W2 <- function (w, x) { return(w * x); }
# z$wmean2 <- rowWeightedMeans(z[,1:3], w=W2(c(0.1,0.5,0.3), z[,4]))
## doesn't work
## Error in rowWeightedMeans(z[, 1:3], w = W#(c(0.1, 0.5, 0.3), z[, 4])) :
## The length of argument 'w' is does not match the number of column in 'x': 5 != 3
## In addition: Warning message:
## In `*.default`(w, x) :
## longer object length is not a multiple of shorter object length
## Calls: rowWeightedMeans -> W -> Ops.zoo -> NextMethod
rowWeightMean_zoo_dependent <- function (r, W, weights) {
s <- sum(W(weights, r[4]))
return(sum(r[1:3] * W2(weights, r[4]) / s))
}
z$wmean2_zoo <- rollapply(z, width=1, by.column=FALSE,
function (r) rowWeightMean_zoo_dependent(r, W2, weights))
z
## a b c x wmean wmean_zoo wmean2_zoo
## 1 1 6 11 0 7.111111 7.111111 NaN
## 2 2 7 12 0 8.111111 8.111111 NaN
## 3 3 8 13 0 9.111111 9.111111 NaN
## 4 4 9 14 0 10.111111 10.111111 NaN
## 5 5 10 15 0 11.111111 11.111111 NaN
I think this can be solved by clever reshaping.
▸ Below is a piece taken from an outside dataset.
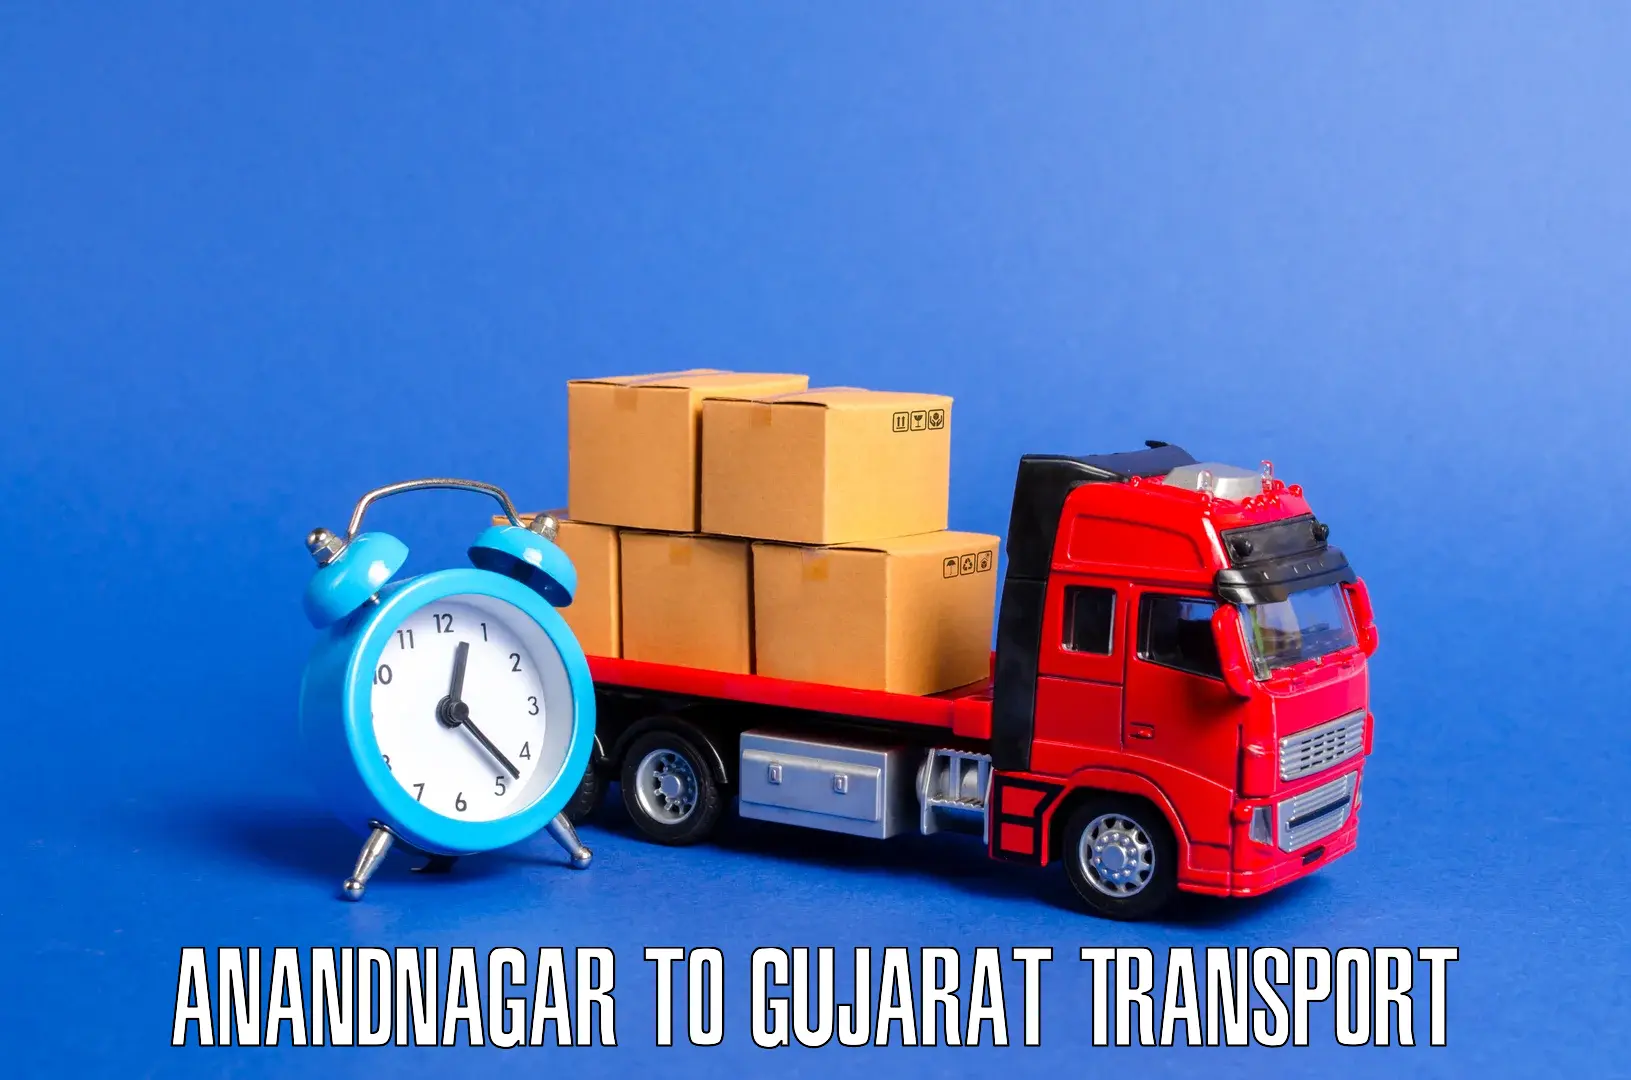 Pick up transport service Anandnagar to Halvad
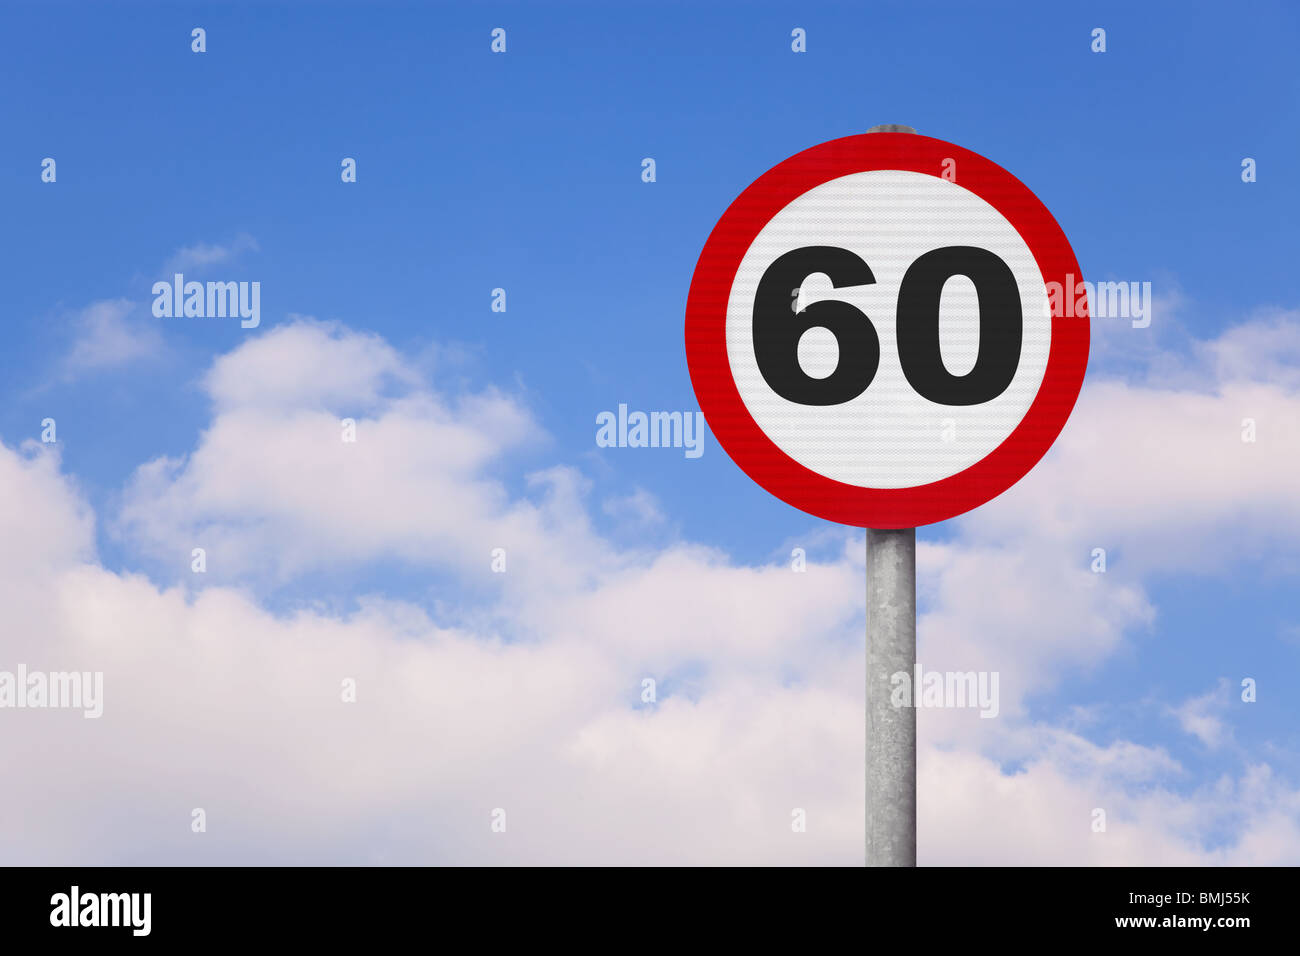 une-ronde-roadsign-avec-le-numero-60-sur-le-contre-un-bleu-ciel-nuageux-bmj55k.jpg

I would use dplyr for that - but the workflow should work similar for plyr or data.table - all these packages are heavily optimized.
for this example I assume the weight function is w(x) = w0 ^ x
Here I create some sample data z, and generic weights w (note I add a row number r to z):
library(dplyr)
library(tidyr)
N <- 10
z <- data.frame(r=1:N, a=rnorm(N), b=rnorm(N), c=rnorm(N), x=rpois(N, 5))
w <- data.frame(key=c('a','b','c'), weight=c(0.1,0.5,0.3))
Now the calculation would be:
res <- z %>% gather(key,value,-r,-x) %>% # convert to long format, but keep row numbers and x
left_join(w, 'key') %>% # add generic weights
mutate(eff_weight = weight^x) %>% # calculate effective weights
group_by(r) %>% # group by the orignal lines for the weighted mean
summarise(ws = sum(value*eff_weight), ww=sum(eff_weight)) %>% # calculate to helper values
mutate(weighted_mean = ws/ww) %>% # effectively calculate the weighted mean
select(r, weighted_mean) # remove unneccesary output
left_join(z, res) # add to the original data
I added some notes - but if you have trouble understanding you could evaluate res stepwise (remove tail including %>%) and have a look at the results.
Update
took the challenge to find the way to do the same in base R:
N <- 10
z <- data.frame(a=rnorm(N), b=rnorm(N), c=rnorm(N), x=rpois(N, 5))
w <- data.frame(key=c('a','b','c'), weight=c(0.1,0.5,0.3))
long.z <- reshape(z, idvar = "row", times=c('a','b','c'),
timevar='key',
varying = list(c('a','b','c')), direction = "long")
compose.z <- merge(long.z,w, by='key')
compose.z2 <- within(compose.z, eff.weight <- weight^x)
sum.stat <- by(compose.z2, compose.z2$row, function(x) {sum(x$a * x$eff.weight )/sum(x$eff.weight)})
nice.data <- c(sum.stat)
It requires a bit more verbose function. But the same pattern can be applied.